One interesting question to ponder: if we cannot sample uniformly from a countably infinite set like the one described using a computer, how come we can sample from an uncountably infinite one such as a continuous uniform distribution defined on $$[0,1]$$? If we can sample from a continuous uniform on $$[0,1]$$, can we sample just the rational rational numbers in this range? I have two conjectures that I want to explore in the future:

1. If a set of numbers is bounded, then we can sample from a uniformly distribution defined on it.

2. If a set is a bounded interval (e.g., $$[a,b]$$ with $$a, b \in \mathbb{R}$$), then we can sample from a uniform distribution defined on it.

The reason I think 1. and 2. are plausible is that I believe having a cumulative distribution function (CDF) makes it possible to sample using a computer. Since I can sample a number uniformly between $$[0,1]$$ on a machine, if I have a CDF, I can feed the uniform sample into the inverse CDF to sample from the CDF.

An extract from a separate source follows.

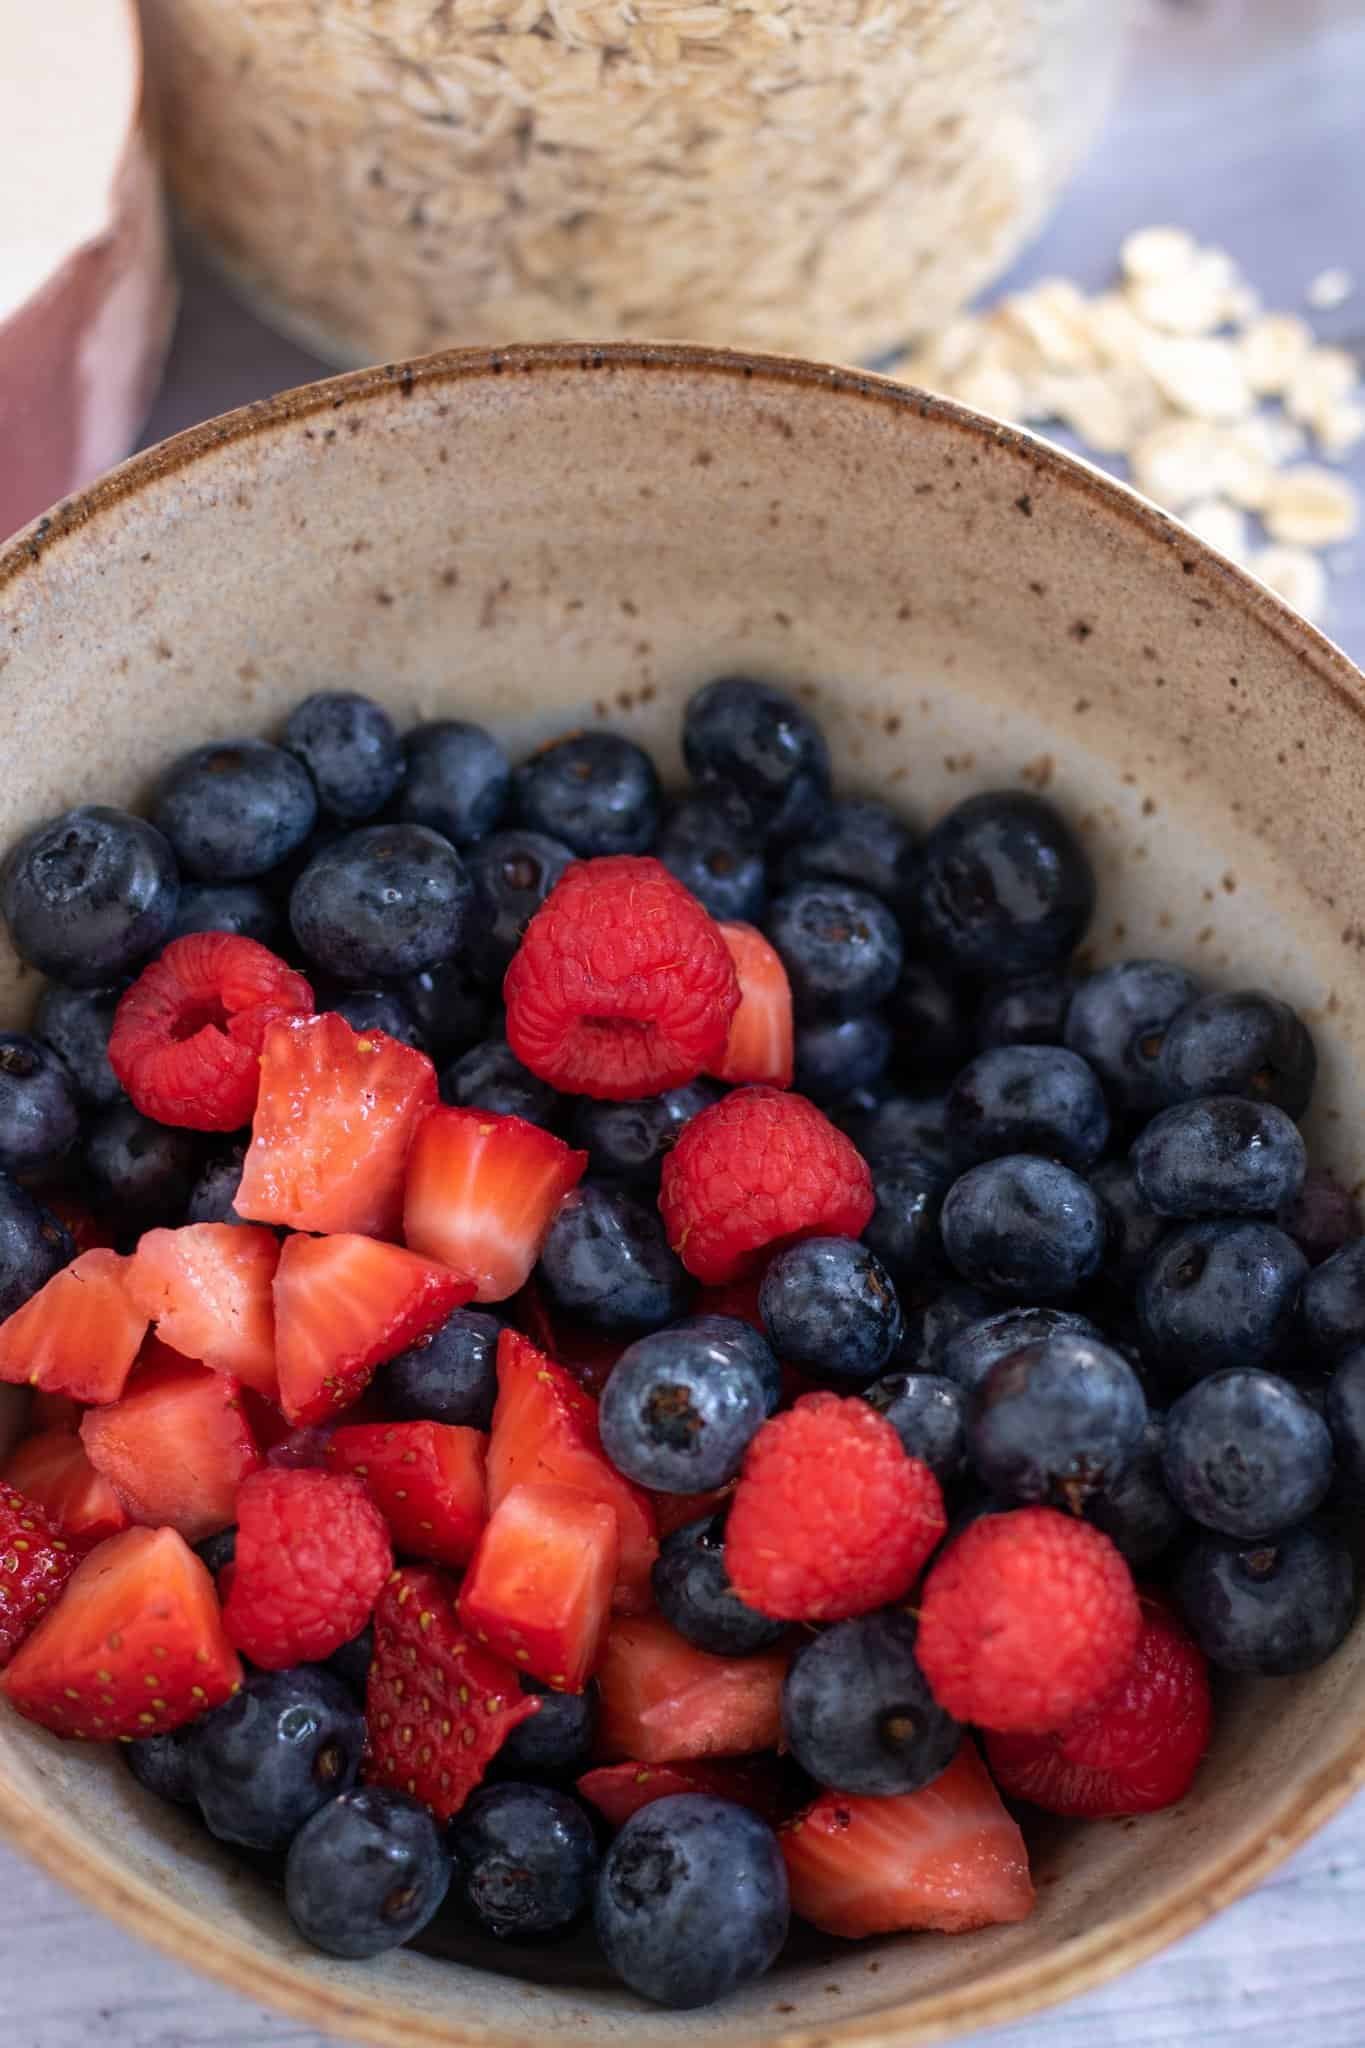 A brown speckled bowl filled with fresh blueberries, raspberries, and strawberries. There's oats sprinkled in the background.

The reason I doubt 1., but think 2. is more plausible is that the set $$\{1, \frac{1}{2}, \frac{1}{3}, \frac{1}{4},...\}$$ is bounded below by $$0$$ and above by $$1$$, but is countably infinite and in fact is just the reciprocal of the natural numbers. Perhaps its the space between rational numbers that make it impossible to sample i.e. finitivity or bounded continuity is a requisite for sampling.

A quick visual of $$\{1, \frac{1}{2}, \frac{1}{3}, \frac{1}{4},...\}$$:

require(tidyverse)
require(scales)

qplot(x = 1/(1:100), y = '') +
theme_minimal() +
labs(x = '1/n') +
scale_y_discrete(name = NULL, labels = NULL, breaks = NULL)

The reason I think 2. might be too restrictive is the following set construction:

• Start with the numbers $$\frac{0}{1}$$ and $$\frac{1}{1}$$.
• Add the numerators and denominators $$\frac{0+1}{1+1} = \frac{1}{2}$$.
• Put the new element between the previous two elements.
• Repeat for each new pair, but don’t insert the new numbers until all pairs are computed.

The first few iterations look like this:

1. $$\{\frac{0}{1},\frac{1}{1}\}$$

2. $$\{\frac{0}{1},\frac{1}{2},\frac{1}{1}\}$$

3. $$\{\frac{0}{1},\frac{1}{3},\frac{1}{2},\frac{2}{3},\frac{1}{1}\}$$

4. $$\{\frac{0}{1},\frac{1}{4},\frac{1}{3},\frac{2}{5},\frac{1}{2},\frac{3}{5},\frac{2}{3},\frac{3}{4},\frac{1}{1}\}$$

Let’s write a quick function to illustrate this set.

f <- function(n){

numerators <- c(0,1)

denominators <- c(1,1)

new_numerators <- numeric(0)

new_denominators <- numeric(0)

for(i in 1:n){

for(j in 1:(length(numerators)-1)){

new_numerators <- c(new_numerators, numerators[j] + numerators[j+1])

new_denominators <- c(new_denominators, denominators[j] + denominators[j+1])

}

new_order <- order(c(numerators, new_numerators)/c(denominators, new_denominators))

numerators <- c(numerators, new_numerators)[new_order]

denominators <- c(denominators, new_denominators)[new_order]

new_numerators <- numeric(0)

new_denominators <- numeric(0)

}

return(numerators/denominators)

}

qplot(x = f(10), y = '') +
theme_minimal() +
labs(x = 'x') +
scale_y_discrete(name = NULL, labels = NULL, breaks = NULL)

We can see the CDF of this function if we run it iteratively 10 times:

tibble(x = f(10), y = cumsum(1:length(x))/sum(1:length(x))) %>%
ggplot() +
geom_line(aes(x = x, y = y)) +
theme_minimal() +
scale_y_continuous(labels = percent)

We could also see how the function changes for each iteration:

map_df(1:12, function(n){

f(n) %>%
tibble(n = n, x = .)

}) %>%
group_by(n) %>%
mutate(y = cumsum(1:length(x))/sum(1:length(x))) %>%
ggplot() +
geom_line(aes(x = x, y = y)) +
facet_wrap(~n) +
theme_minimal() +
scale_y_continuous(labels = percent)

Here we can see that a CDF, or at least an approximate CDF, exists. Again, if we assume that we need a CDF to sample from, then this looks like a candidate we can sample from that is not finite nor both bounded and continuous.

That’s all for now. More on this later, also expect this post to get revised and refined!